Figure 2 is a photograph of a recombinant immunoblot assay. The characters A-G represent the following proteins: A: High Ig control

D: c33c (NS-3) B: 5-1-1 (NS-4) E: C22-3 (core)

C: clOO-3 (NS-4) F: superoxide dismutase G: low Ig control.

Lane 1 represents negative control serum,

Lane 2 represents an anti NS-3 monoclonal antibody (HCVHU.OT3 as described in co-pending and co-owned application No. EP 92.204.107.4).

Lane 3 represents an anti-core monoclonal (HCVHU.OT2), while lane 4 represents polyclonal serum from a HCV-infected patient.

Figure 3 gives a schematic representation of a competition assay performed to determine competition between antibodies in human sera and HCVHU.OT3.

The specific C33 epitope is represented by the triangle, while a cross reactive site on the C33 is represented by the square.

The present invention is further exemplified by the following examples: Example 1 further exemplifies the specific immune reactivity of monoclonal antibody HCVHU.OT3.

Example 2:

In sub A the construction and screening of a lambda gt-11 library is described, generating the peptides according to the invention. In sub B the isolation of phage lambda coded beta-galactosidase HCV (C33 derived) hybrid proteins reactive with human sera and a human monoclonal antibody (HCVHU.OT3) is described.
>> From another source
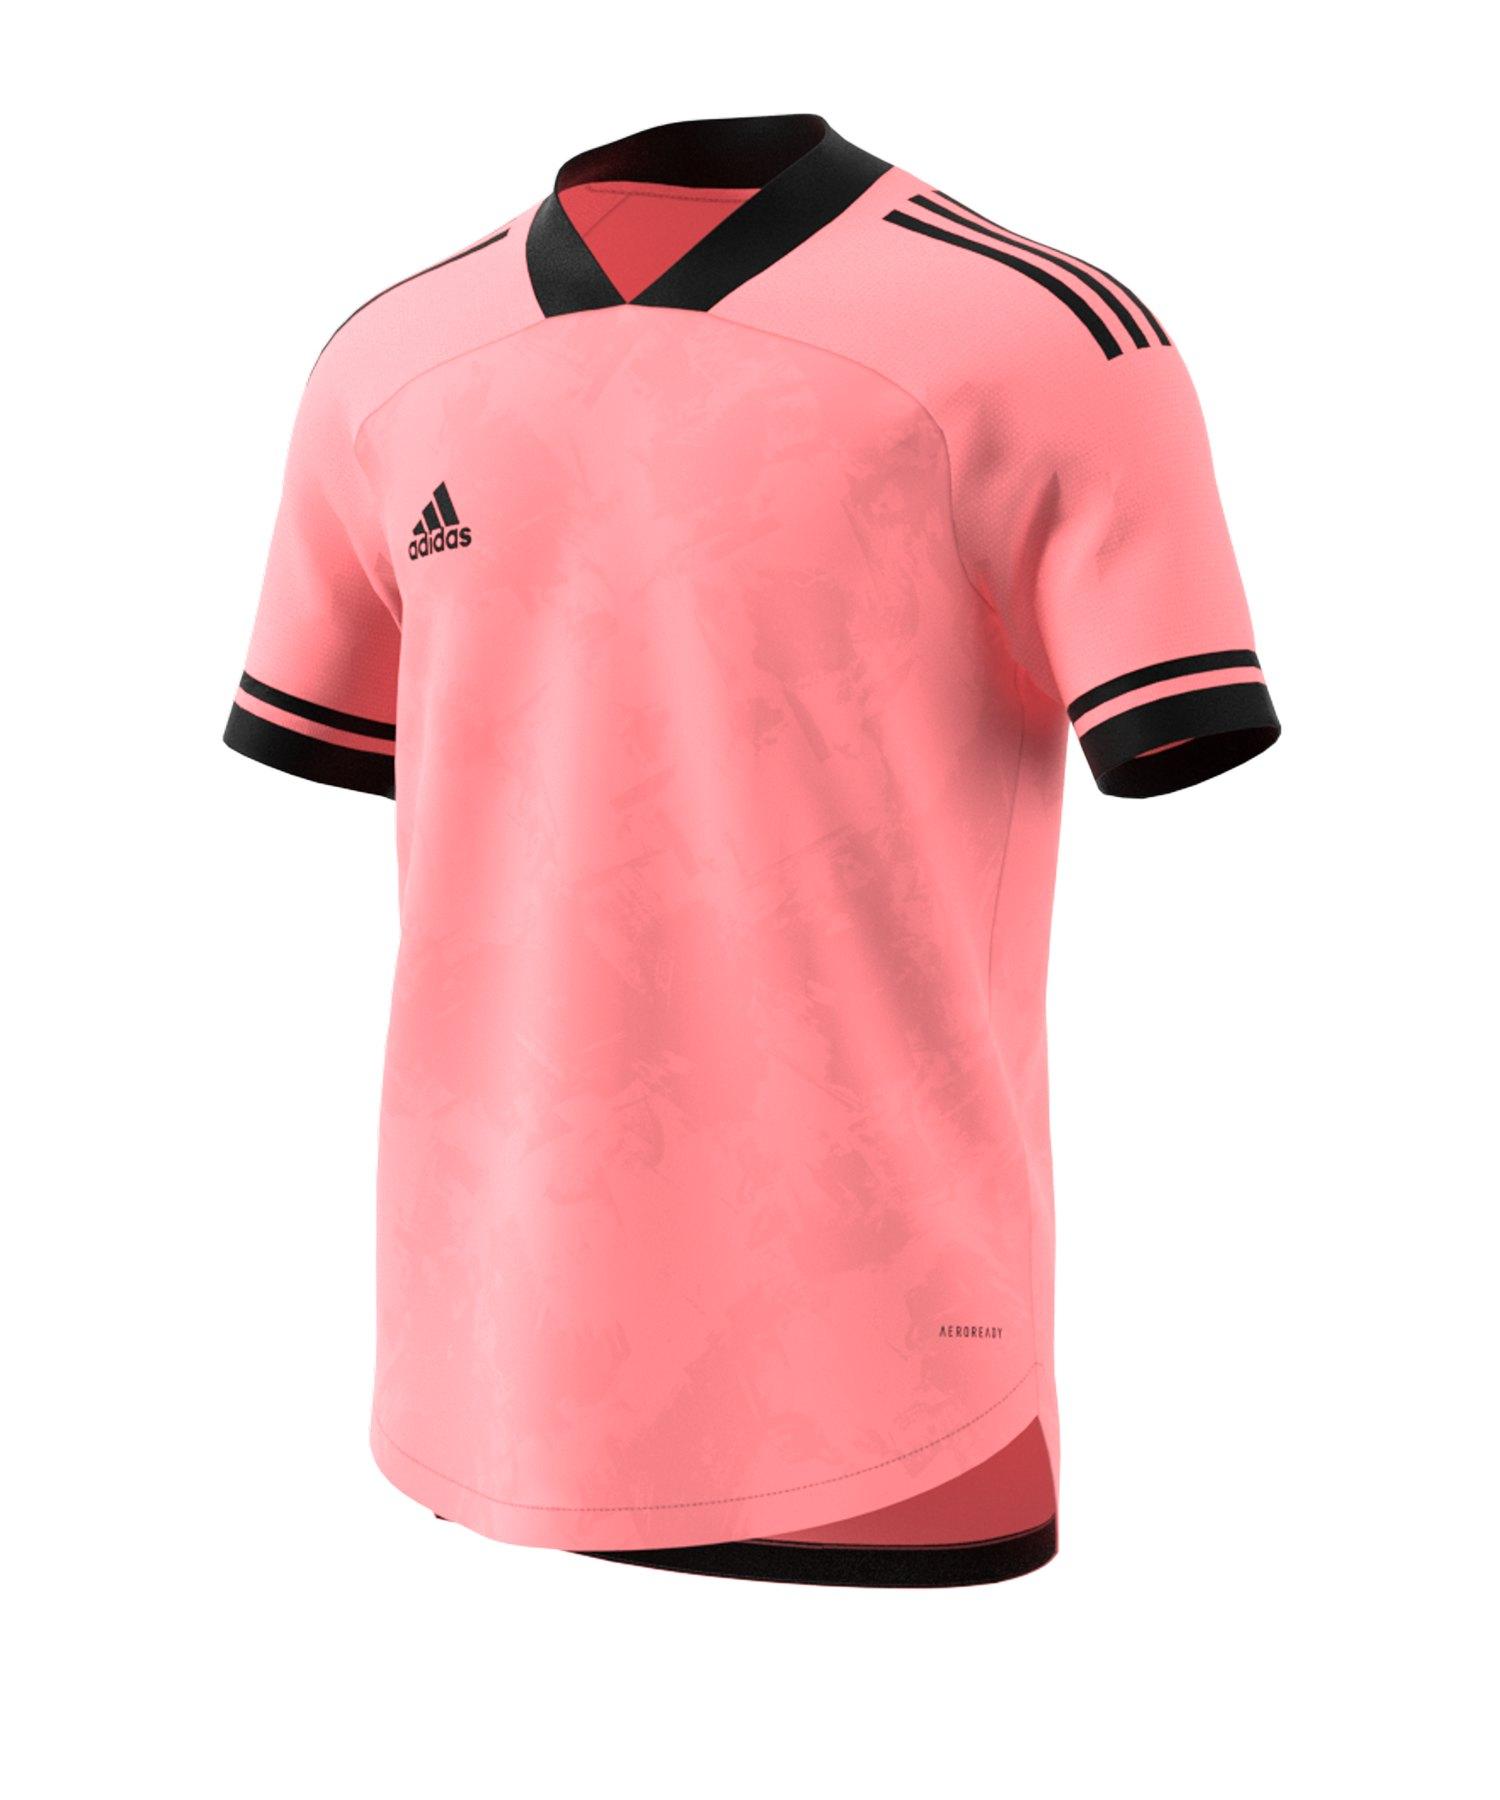 adidas Condivo 20 Trikot kurzarm Pink Schwarz - pink

Example 3 illustrates the specificity of

HCVHU.O 3..

In Example 4 the specific reactivity of the peptides according to the invention with antibodies directed against HCV is exemplified by showing correlation with PCR results and ELISA results using the peptides according to the invention.

EXAMPLES

Example 1: Testing on anti-NS3 production of B-cell lines. The specificity of oligoclonal and monoclonal IgG-containing supernatants was further tested with the following reagents:

1) A recombinant purified HCV nucleoprotein expressed in E.coli (Organon Teknika). 2) A recombinant purified NS3 protein expressed in E.coli (Organon Teknika).
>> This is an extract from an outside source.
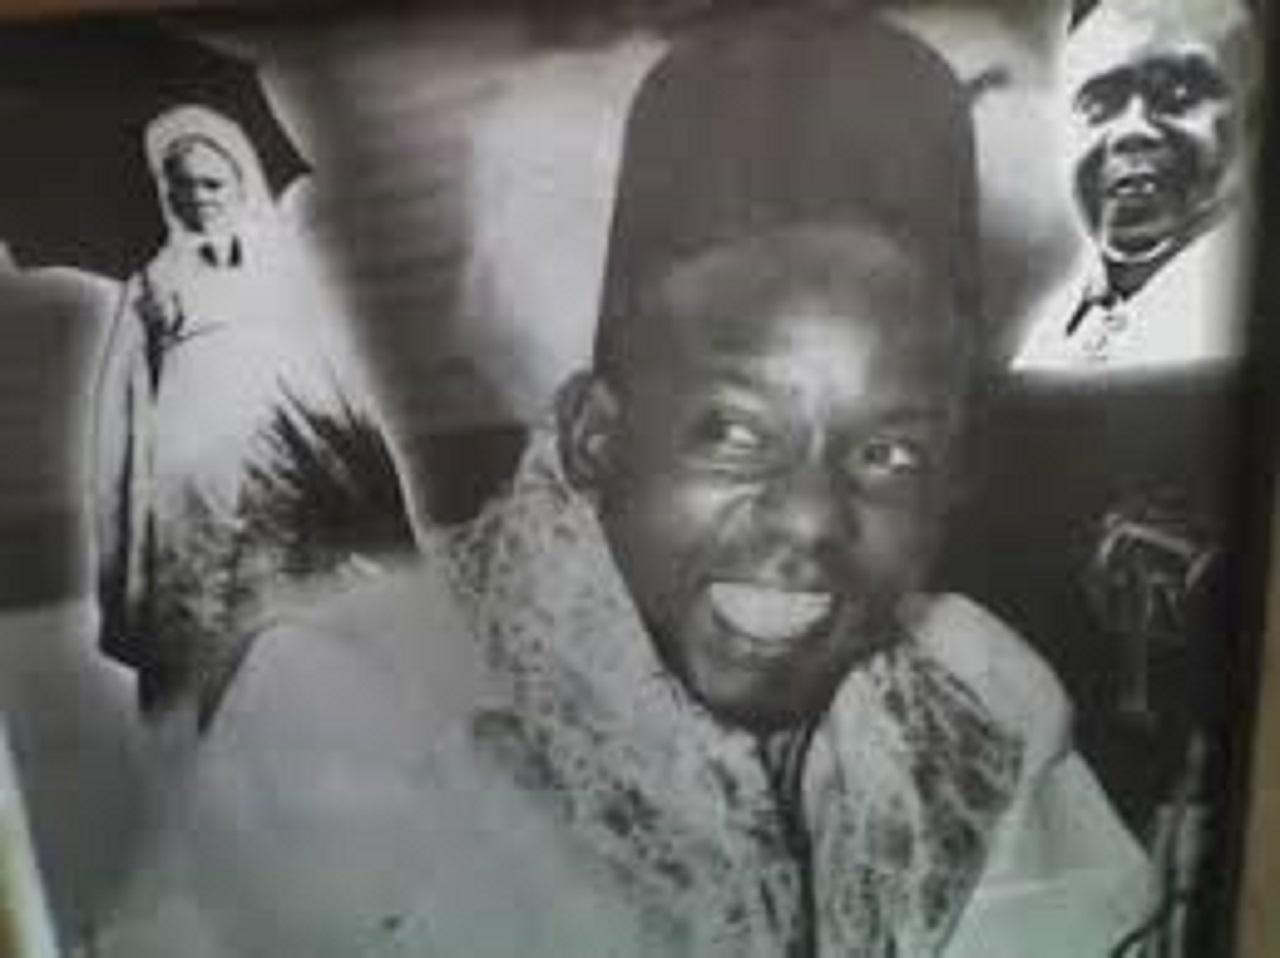 Takoussane: Djamiah SEYDI DJAMIL Fass, le 5 Janvier 2019

3) A recombinant purified NS-5 protein expressed in E.coli.

4) Recombinant immunoblot assay (RIBA II generation, Ortho Diagnostics) . This is a nitrocellulose-based assay that includes 4 recombinant HCV antigens:

- clOO-3, derived from NS-4 protein,

- 5-1-1, a 42-aminoacid fragment of cl00-3, - c33c, derived from the NS3 protein,

- c22-3, derived from the viral nucleoprotein.
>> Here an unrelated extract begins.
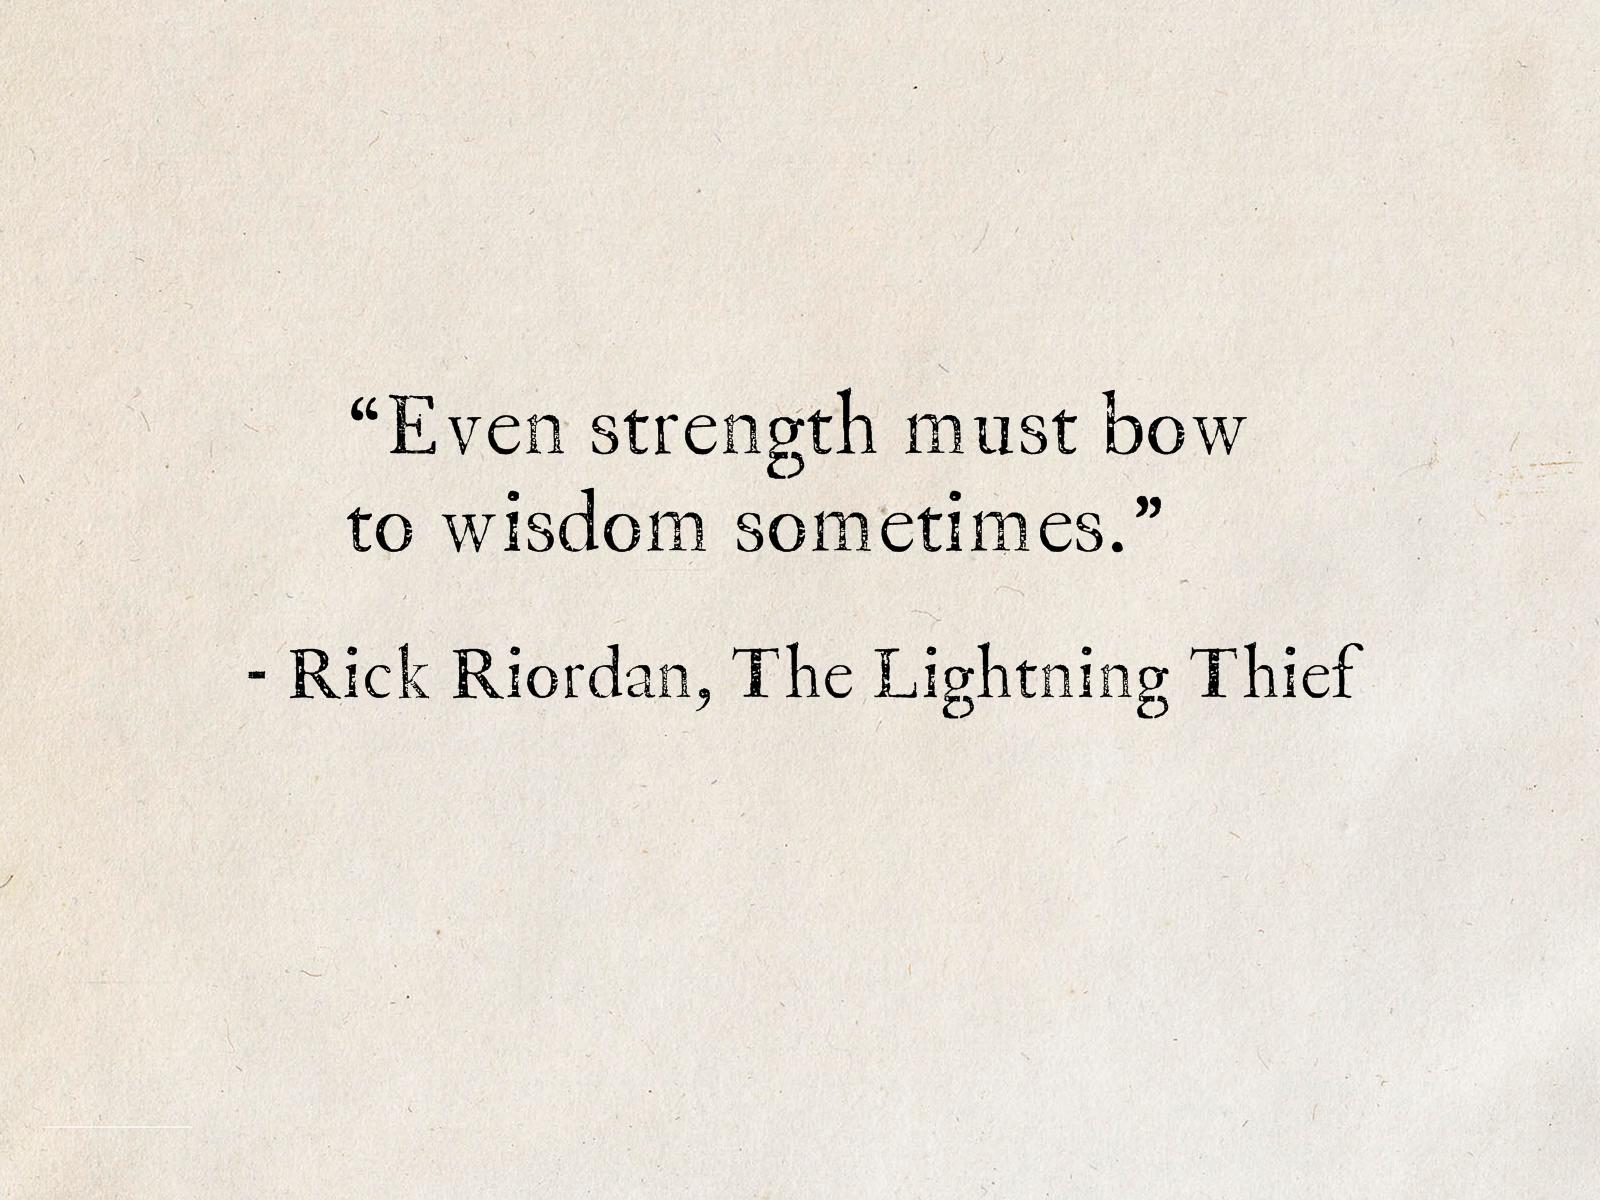 Rick Riordan The Lightning Thief Percy Jackson And The Olympians Percy Jackson Quotes Rick Riordan Quotes Book Quotes Tattoo

Human superoxide dismutase (SOD) is also present on nitrocellulose strips as a control.

Results:

Supernatant from clone HCVHU.OT3 was analyzed for specificity in the above described way. Figure 1 illustrates the specific binding capacity of antibodies according to the invention. The binding of the monoclonal antibody HCVHU.OT3 to different HCV derived proteins is compared with the binding of antibodies specific for HCV core and NS4 proteins respectively. As can be seen from Figure 1, the monoclonal antibody HCVHU.OT3 recognized a recombinant NS3 protein preparation and gave a clear positive reaction in Ortho II generation assay, whereas no binding to recombinant HCV core and NS-5 proteins could be documented. Analysis of HCVHU.OT3 supernatant by recombinant immunoblot (RIBA II generation) revealed clear binding to the c33c polypeptide only, further attesting to the specificity of the mAb as can be seen from figure 2, where lane 2 represents an antibody according to the co-pending and co-owned application No. EP 92.204.107.4 (HCVHU.OT3).

Example 2:

A. Construction and screening of lambda gt- 11 library

B. Isolation of phage lambda coded beta- galactosidase HCV (C33 derived, hybrid proteins reactive with human sera and a human monoclonal antibody .HCVHU.OT3.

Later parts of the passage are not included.